Pain management, Part 1

In two of the blogs I follow the topic pain was mentioned recently. I am a pain patient myself, because my lower back acts like it is older than the rest of the body and developed arthrosis.

Pain is very difficult to judge from the outside. This is why doctors usually ask their patients to grade their pain on a scale from 0 (no pain) to 10 (unbearable pain). How much you suffer from pain also depends on your general mood – in a good mood, you can cope better.

Acute pain e.g. from an injury, has to be treated differently than chronic pain. In my opinion, doctors who know how to treat chronic pain, and all the problems that come along with it, are very rare here in Germany. Treating my back pain was like patchwork for years – six sessions of physical therapy and thoughts about surgery from my orthopedist here, tilidine tablets from my primary care physician there, but nothing consistent. Somehow I found out that there are doctors who specialise in pain management, and my orthopedist gave me a phone number. When I called, I was told that this hospital doesn’t offer pain management on an outpatient basis any longer. But they told me of two hospitals that still do. So I contacted the one clinic nearest to me (about 28 km). Before I got an appointment with one of the doctors, I had to fill in a pain questionnaire and add medical records. The receptionist called me a few days later to schedule an appointment, which of course was two months later.
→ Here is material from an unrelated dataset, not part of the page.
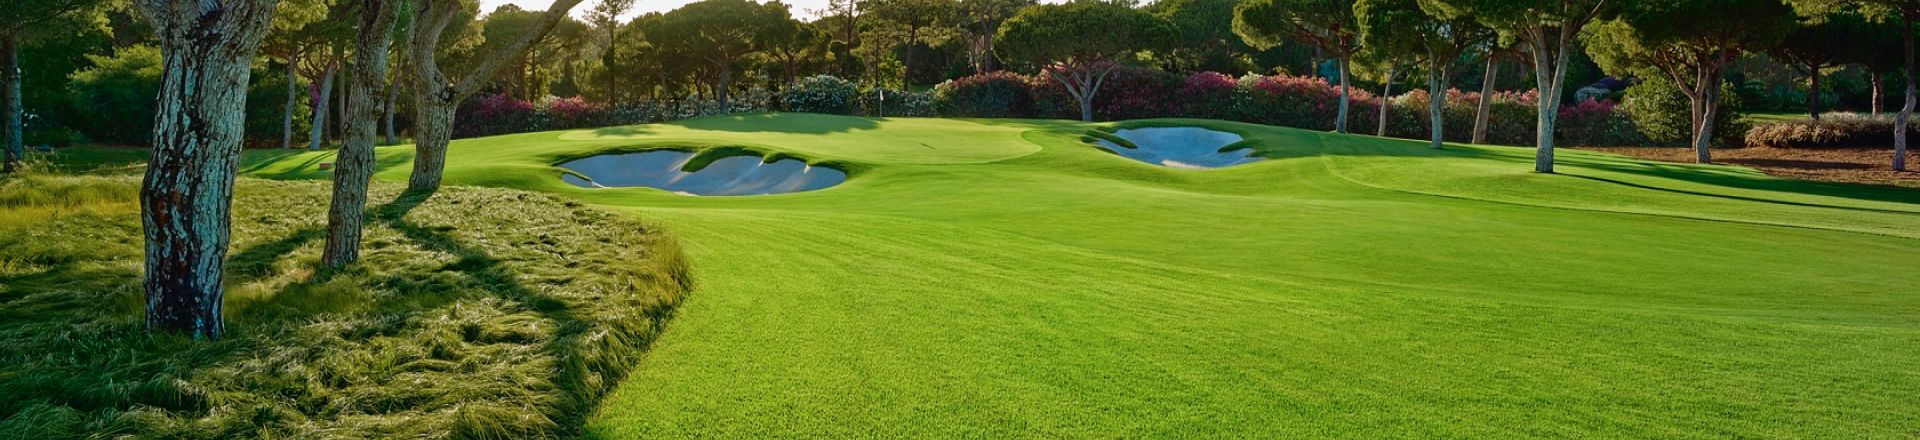 A golf course with green grass and a white bunker in a great golf holiday destination

I felt at ease there from the beginning. The staff is friendly, and the patients are not just given pills, they are offered talk therapy with a specialised psychologist also. My soul, alredy burdened with depression, anxiety and Borderline was also seen, not just my aching back. We tried to find a solution until I, the patient, said, “This is it!” At the beginning of the therapy and during changing meds, I went there every few weeks. When everything is alright, I have an appointment every three months. Prescriptions for long-term medication are sent via mail, and they really try to squeeze you in when it is an emergency. One of the two doctors is availible every day until midday. Sadly, as my treating physician confirmed, there are less of these pain management centres. A big part of pain therapy is talking to the patients, and the health insurance does not pay for that.

I am very grateful I found this kind of assistence. I now spend less energy on dealing with my pain, this makes life so much easier. During my last inpatient stay on the psychiatric ward, pain medication was of subject of discussion, but a change didn’t feel right at this time. But it will be adressed on my next appointment, which will be at the end of the month.